Researchers at Northwestern Medicine have identified a previously unknown regulator of tumor immune evasion, which could potentially improve the efficacy of current and future anti-tumor immunotherapies. The findings of the study were recently published in the Journal of Clinical Investigation.
The study provides valuable molecular insights into understanding why some cancer patients do not respond to checkpoint blockade antitumor therapy, while others do. Antitumor immunotherapy is a type of cancer treatment that involves boosting the patient’s own immune system to fight cancer. This can be achieved through different types of therapies, including immune checkpoint inhibitors. Immune checkpoints help to regulate the strength of the immune response, preventing the immune system from mistakenly attacking normal cells, including cancer cells.

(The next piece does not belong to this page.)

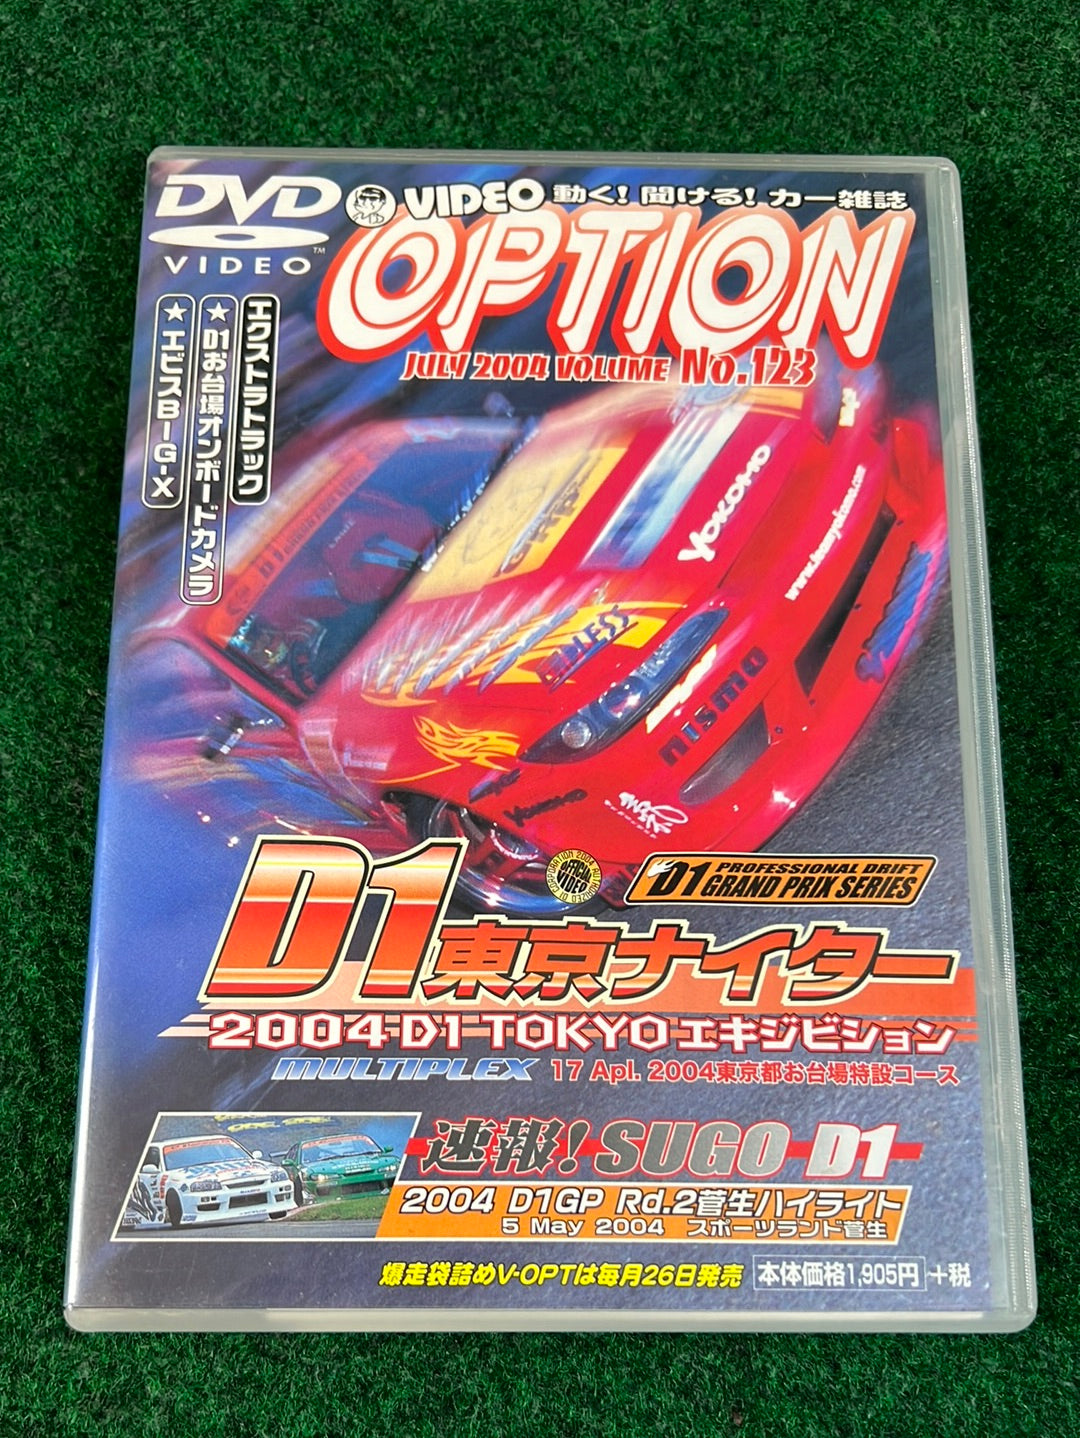 Option Video DVD - July 2004 Vol. 123 DVD
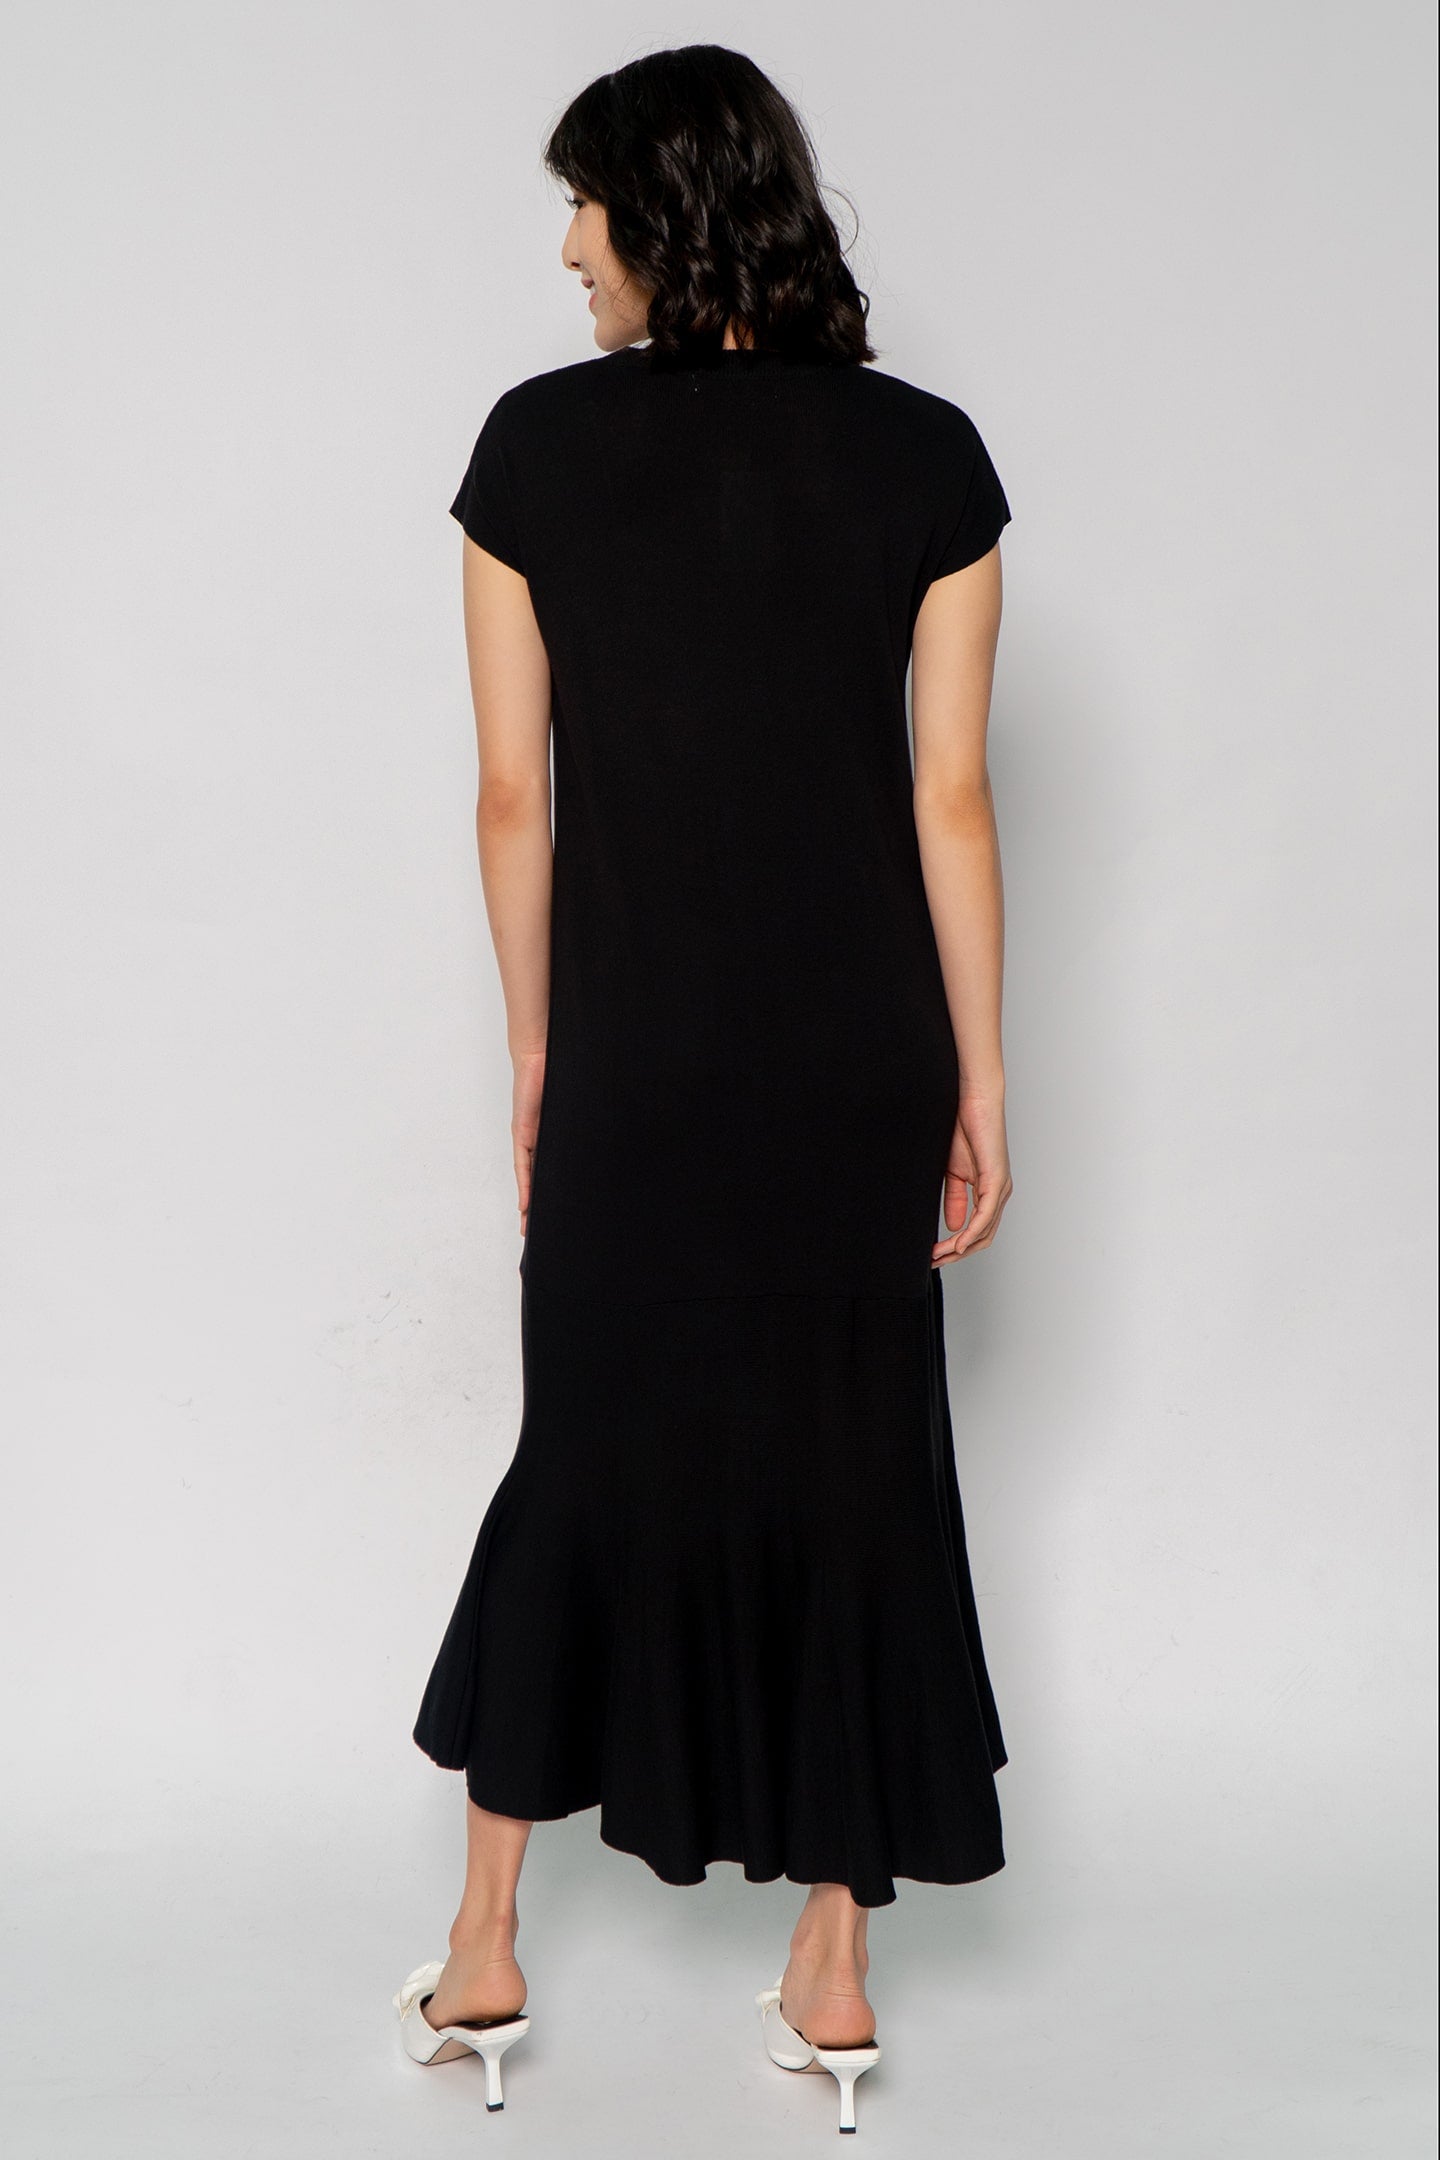 Giovanni Knit Dress in Black

Checkpoint inhibitors are drugs that target these checkpoints, allowing the immune system to recognize and attack cancer cells more effectively. However, not all patients respond positively to immunotherapy, and the underlying reasons for this have remained unclear.
The senior author of the study, Dr. Deyu Fang, explains that the ultimate goal is to find a better approach to make immunotherapy effective for all patients. In order to achieve this, the researchers focused on studying PD-L1, a protein that serves as a common immune checkpoint and is targeted by anti-tumor immunotherapy drugs. PD-L1 is expressed on immune cells and is found at increased levels on certain cancer cells, helping them evade the immune system.
Identifying novel regulators of PD-L1 expression in tumors could potentially enhance the efficacy of antitumor immunotherapies. To do this, the researchers developed a CRISPR-based screening platform to analyze the family of deubiquitination genes in both mice and human PD-L1 lung cancer cell lines. Through this approach, they discovered that the ATXN3 gene promotes tumor immune evasion by increasing PD-L1 expression in tumor cells at the transcriptional level.
Further analysis using The Cancer Genome Atlas database revealed a positive correlation between the ATXN3 and CD274 genes, which encodes PD-L1, in over 80% of human cancers. Notably, ATXN3 was found to be positively correlated with PD-L1 expression and its transcription factors in lung adenocarcinoma, the most common type of non-small cell lung cancer, as well as melanoma.
Based on the findings that ATXN3 promotes PD-L1 expression, the researchers hypothesize that suppressing ATXN3 could enhance antitumor immunity. To test this hypothesis, they used CRISPR and other gene expression techniques to knock out ATXN3 in mouse models of PD-L1 lung carcinoma. The results showed that suppressing ATXN3 enhanced antitumor immunity in the mice and improved the efficacy of PD-1 antibody therapy, indicating that ATXN3 is a positive regulator for PD-L1 tumor expression and immune evasion.
Dr. Fang suggests that selectively targeting ATXN3 could potentially improve the efficacy of antitumor immunotherapies while also reducing toxicity and adverse side effects for patients. By combining an ATXN3 inhibitor with current anti-tumor immunotherapy, the therapeutic efficacy can be enhanced, and the amount of antibody needed can be reduced, thereby minimizing side effects.
The findings of this study open up new possibilities for enhancing the effectiveness of immunotherapy and improving outcomes for cancer patients. Further research and clinical trials are needed to fully explore the potential of ATXN3 as a therapeutic target in the field of cancer immunotherapy.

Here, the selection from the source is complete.